The equivalent C++ code is as follows: (You can try it out here: http://ideone.com/w0u4lk)

long F(long n) {
	long F1 = 1;
 
	if(n==1) { return 3; }
	else {
		for(long i = 1; i <= n; i++) {
			long C = 0;
			// Note: the belore For loop only has one line
			for(long j = 1; j <= n-1; j++) { C = C+1; }
			// At the end of this for loop, C will be = (n-1)
			F1 = F1 * C;
		}
	}
	return F1;
}

It is clear that the inner for loop can be replaced by a single statement as follows:

long F(long n) {
	long F1 = 1;
 
	if(n==1) { return 3; }
	else {
		for(long i = 1; i <= n; i++)
			F1 = F1 * (n-1);
	}
	return F1;
}

And this calculates $(n-1)^n$

answered by Boss (20.7k points)
edited by
+1
wah pragy sir maza aa gaya
+2 votes

The program is giving factorial upto (n-1) numbers

here are two "for" loops

But each time i value increments C initialized to 0 again

Say i=4 and j=3

it will give (3!)4 as answer

Recurrence relation will be

an = ((n-1) an-1)n +2
 

answered by Veteran (101k points)
0
Why You have added 2  ??
see F(1)= 1, F(2)= 1, F(3)= (2!)^3
+1 vote
Inner loop is giving factorial of (n-1).
And outer loop is multiplying the same (n-1)! to n times.

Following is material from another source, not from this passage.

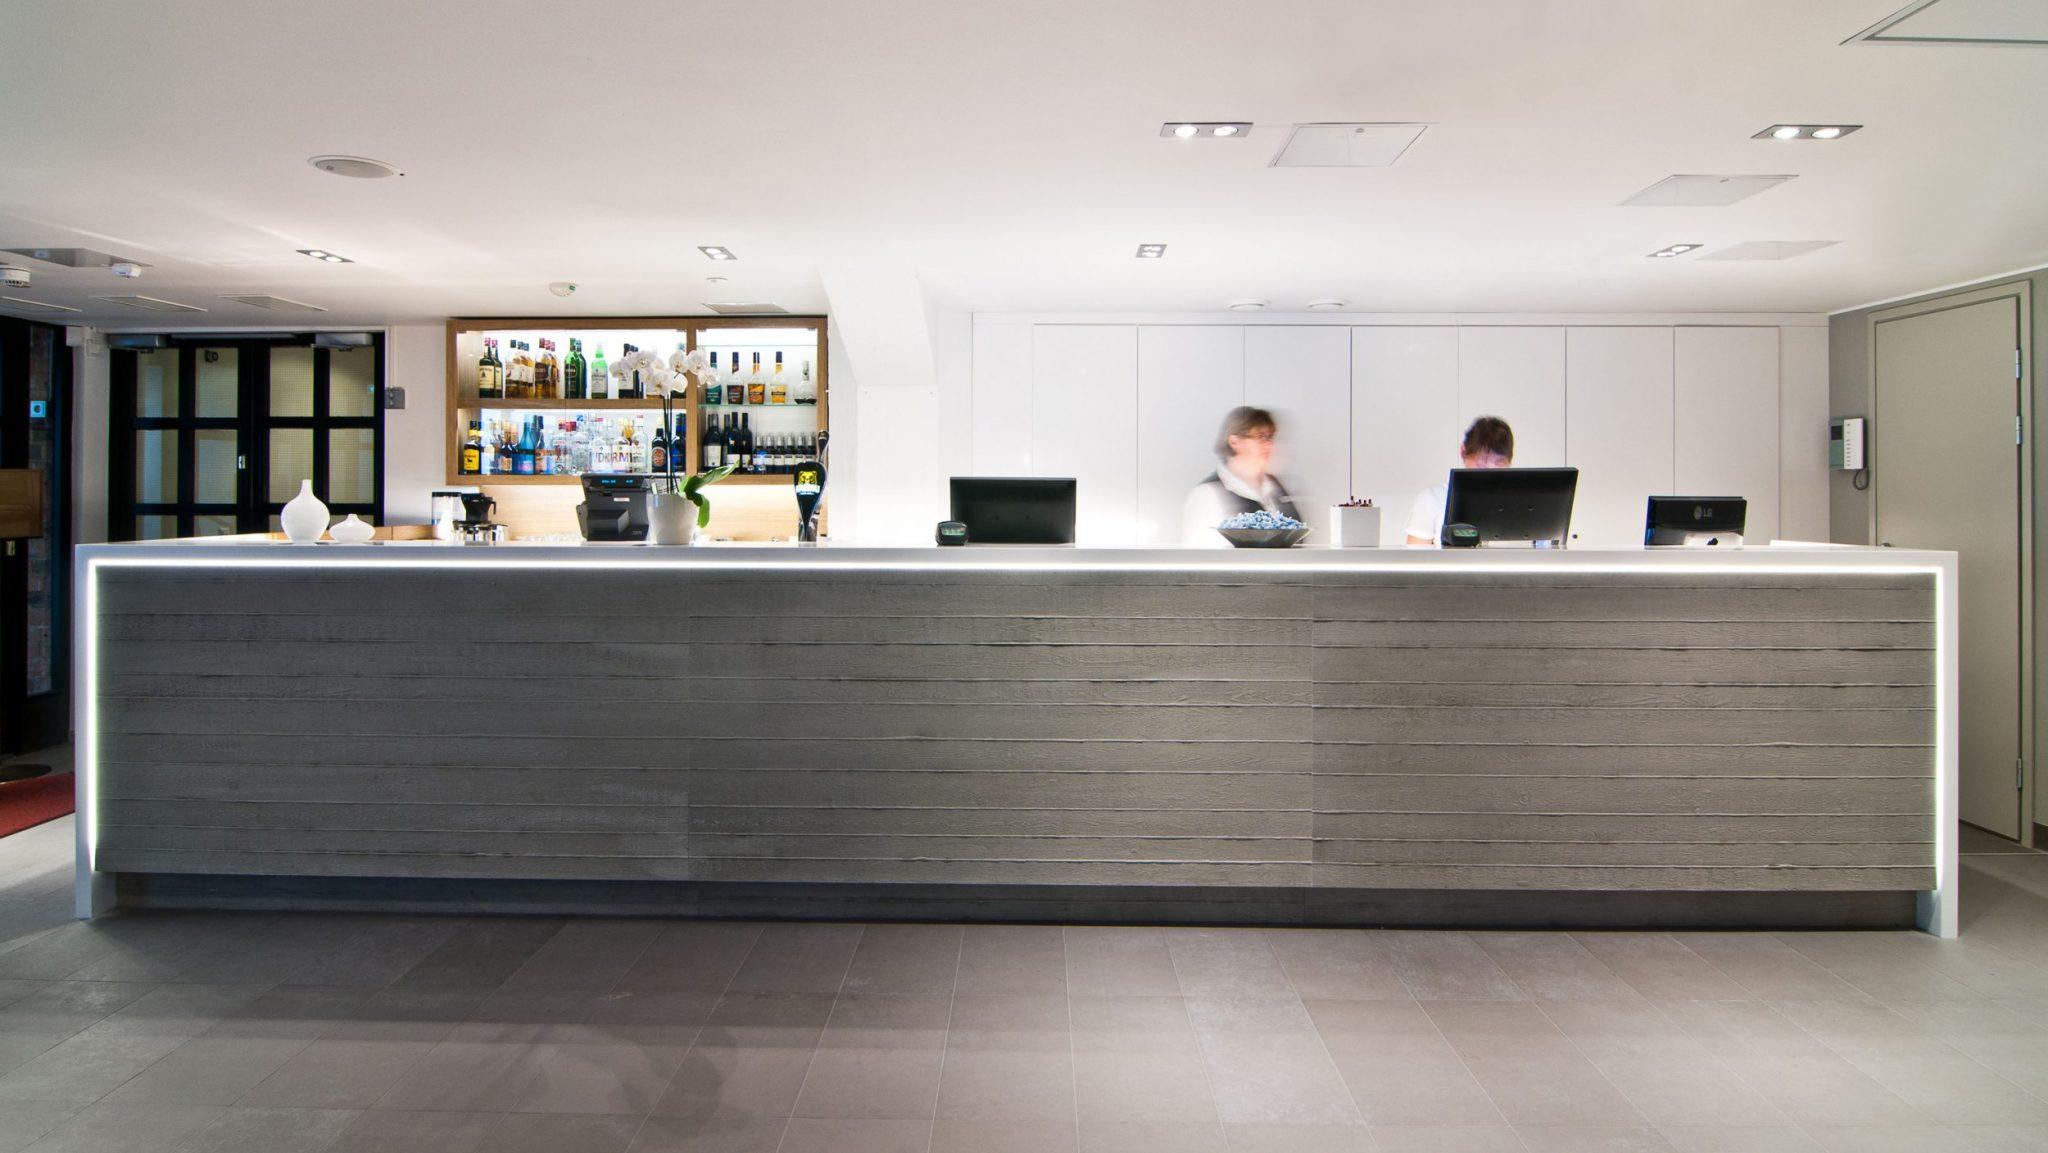 Sokos_Hotel_Villa_Tampere_GI_project-18

F(n) = $\begin{cases} 1 & \text{ if } n= 1\\ ( (n-1)F(n-1))^{n}& \text{ if } n >1 \end{cases}$
answered by Boss (26k points)
+5

Notice where the inner loop begins and ends.

begin C ← C + 1 end

The following line is outside the inner loop

F1 = F1 * C
+2
Thanks @Pragy  , I did not notice that.
0 votes
I think there is a recurrence relation for this function.

$f(i) = f(i-1)*(n-1)$ provided $i\geq2$ and $f(1)=1$ which gives $f(n)=(n-1)^{n}$
answered by (255 points)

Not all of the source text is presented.